Here are some statistical data, to show you what you have to do before
drawing any conclusion.
A tournament has been organized, with 81 "rounds" where each player play
from depth 0 (a random move is chosen) to depth 8. In each round, 200
games were played, with the 10 first moves forced, so that the games are
all different. The 200 different 10 first moves were randomly chosen
from a game database.
Here are the results for different evaluation functions. The result
shown is the percentage of win for the Black side (a draw is considered
as a half win):
Maximizer
White
0 1 2 3 4 5 6 7 8
0 46.50 42.25 62.00 61.50 53.50 59.75 53.50 55.75 47.75
1 59.75 46.25 67.75 70.00 60.75 69.75 58.50 65.25 57.50
B 2 47.25 39.00 53.00 47.50 46.75 48.00 44.75 42.50 43.25
l 3 32.75 29.25 47.50 43.75 56.50 46.75 45.25 45.25 37.50
a 4 51.50 37.50 67.00 47.75 54.00 44.00 44.25 38.25 23.75
c 5 35.50 26.50 49.75 43.25 53.50 42.00 37.50 38.75 31.50
k 6 53.50 45.50 63.00 56.00 61.50 56.50 61.25 38.75 38.00
7 44.25 36.25 54.75 49.75 63.25 42.25 54.25 44.50 43.25
8 59.50 46.00 67.50 56.00 69.75 61.75 62.00 52.25 61.00
The maximizer eval uses the disc difference.

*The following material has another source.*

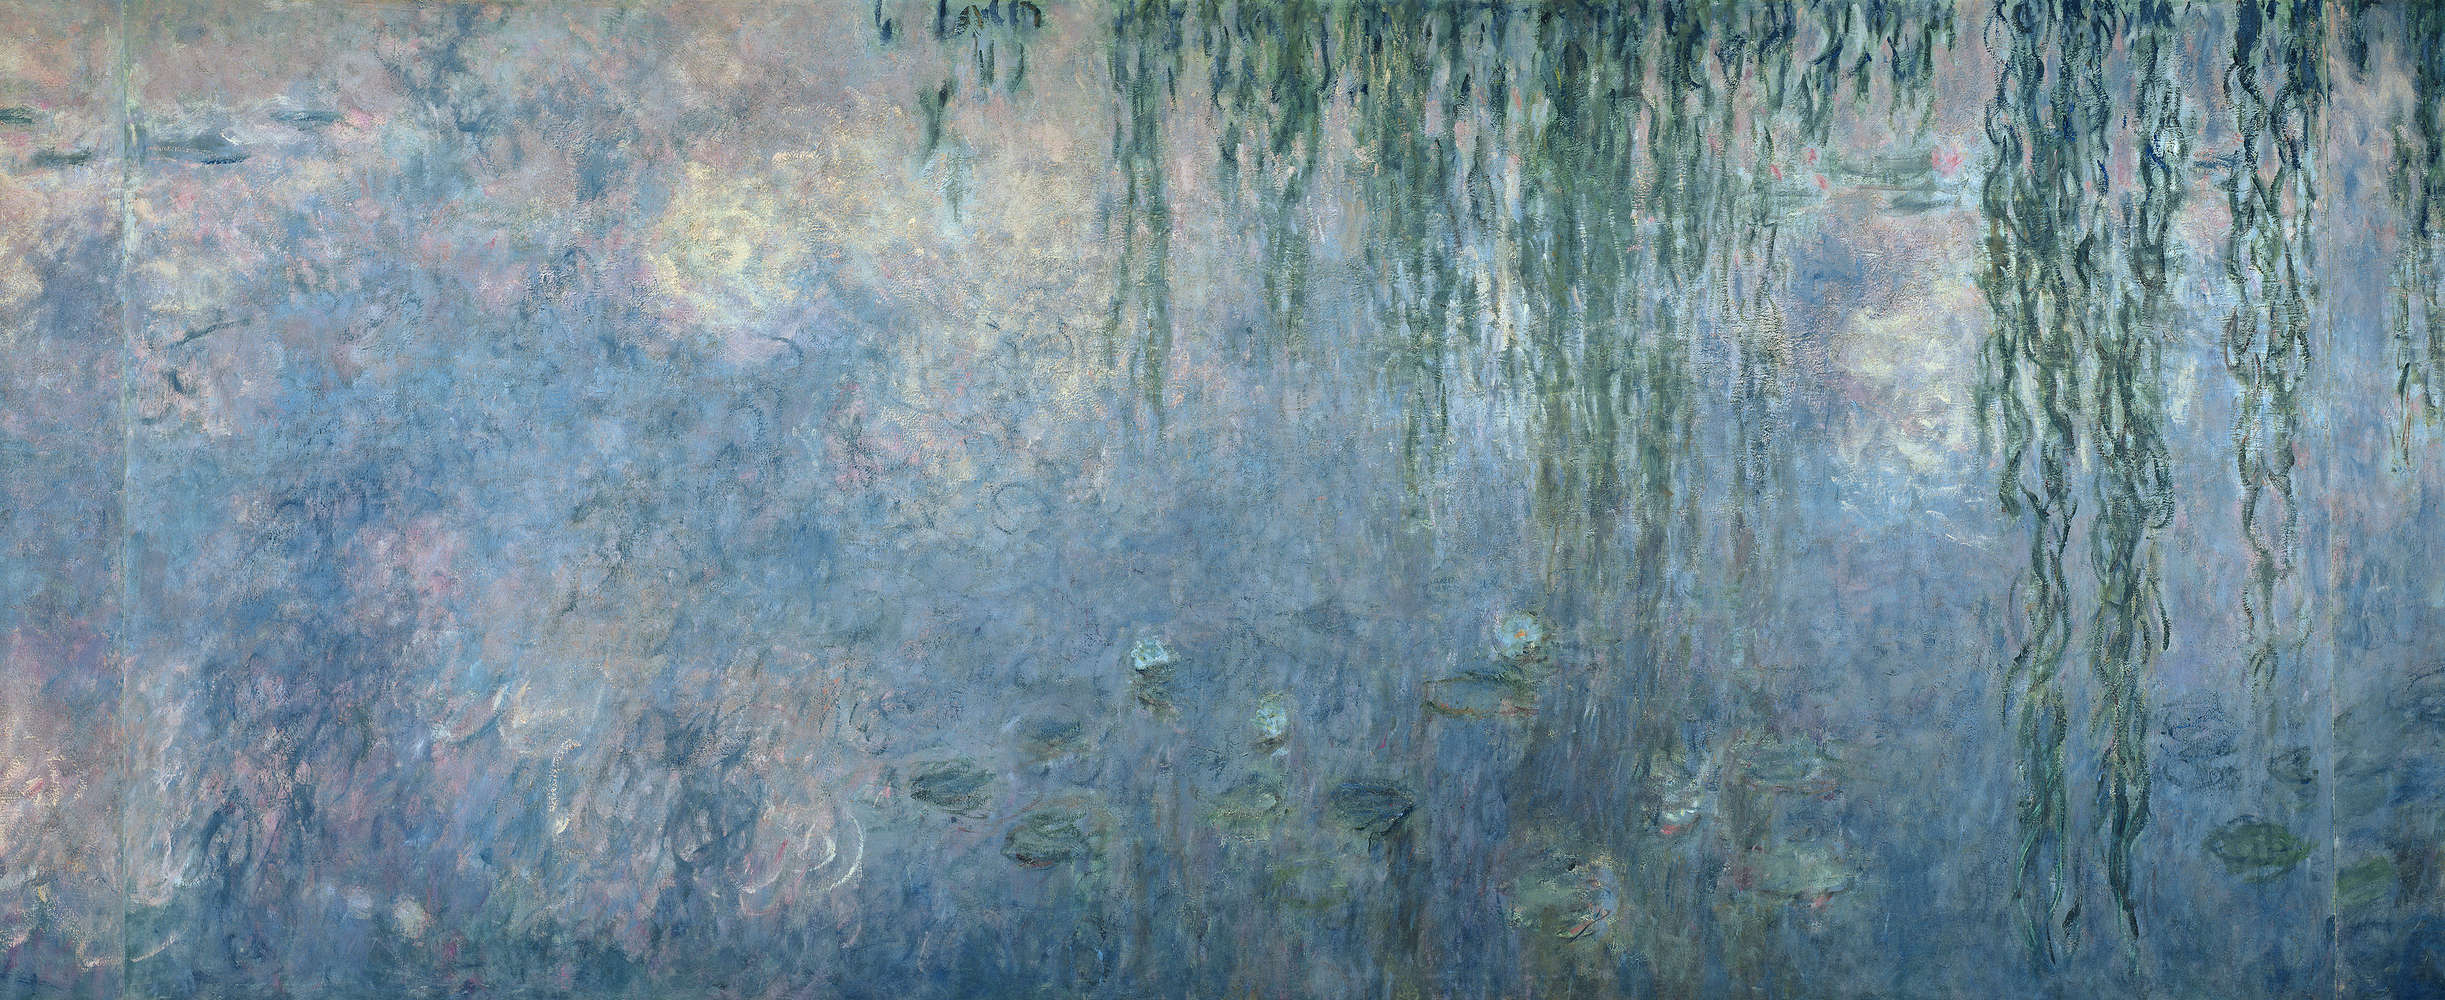             Muurschildering "Waterlelies: ochtend met treurwilgen" detail van Claude Monet
        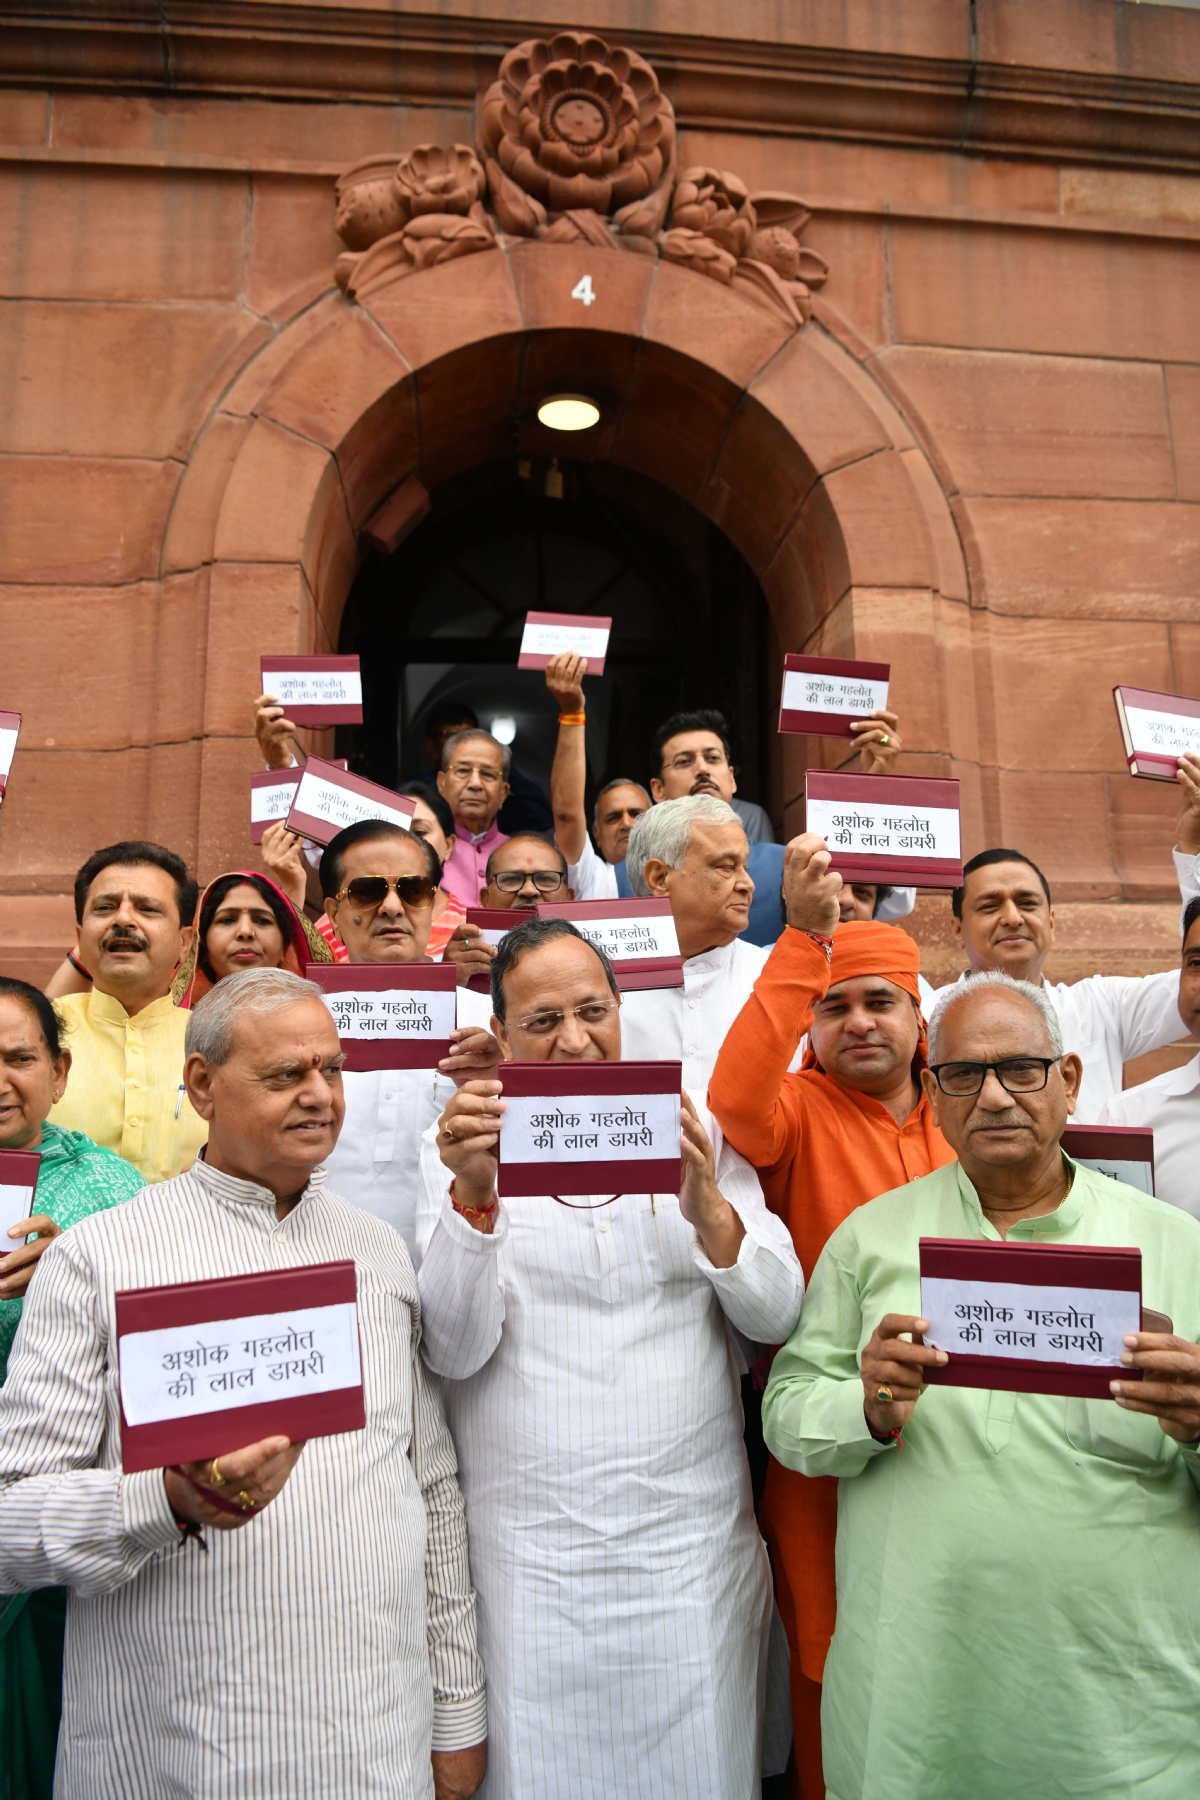 नई दिल्ली में बुधवार 26 जुलाई को संसद भवन परिसर में भाजपा सांसदों ने राजस्थान को लेकर प्रदर्शन किया। हिन्दुस्थान समाचार/ फोटो गणेश बिष्ट

Interpreting this weak eval is quite hard but we can see that:
- all the matchs are relatively close.
- the 1 depth bot is the strongest.
- there is an odd/even effect.
- there is a visible enhancement between depth 2 and 8, so looking
deeper does work, and going deeper than depth 8 will probably bring a
stronger player.
Random eval
White
0 1 2 3 4 5 6 7 8
0 46.50 45.50 50.50 33.25 31.25 25.50 29.50 20.50 18.75
1 44.50 48.50 40.00 27.75 38.00 27.00 22.25 18.75 19.00
B 2 53.50 55.00 46.75 35.25 30.75 26.50 31.25 17.50 19.25
l 3 53.75 54.75 59.50 44.00 36.50 34.50 27.75 21.50 18.00
a 4 65.50 59.50 62.25 52.25 53.50 34.75 42.00 26.00 35.50
c 5 65.25 65.00 67.75 60.00 58.75 42.25 34.25 33.00 30.00
k 6 77.50 74.25 75.00 69.75 58.25 58.25 42.25 40.25 39.50
7 79.25 73.75 77.50 74.25 65.50 59.00 63.75 41.75 39.00
8 83.00 85.50 82.50 77.75 68.00 73.75 61.25 59.00 49.50
The random eval is build from the board hashcode used as a seed to a
random genrator, so the eval is unique to each board, but not correlated
to it.
The strength is clearly enhanced when looking deeper. This is a well
known result obtained when combining alphabeta with a random eval, where
alphabeta choses moves with a greater mobility because of the property
of the max() function on a set of values.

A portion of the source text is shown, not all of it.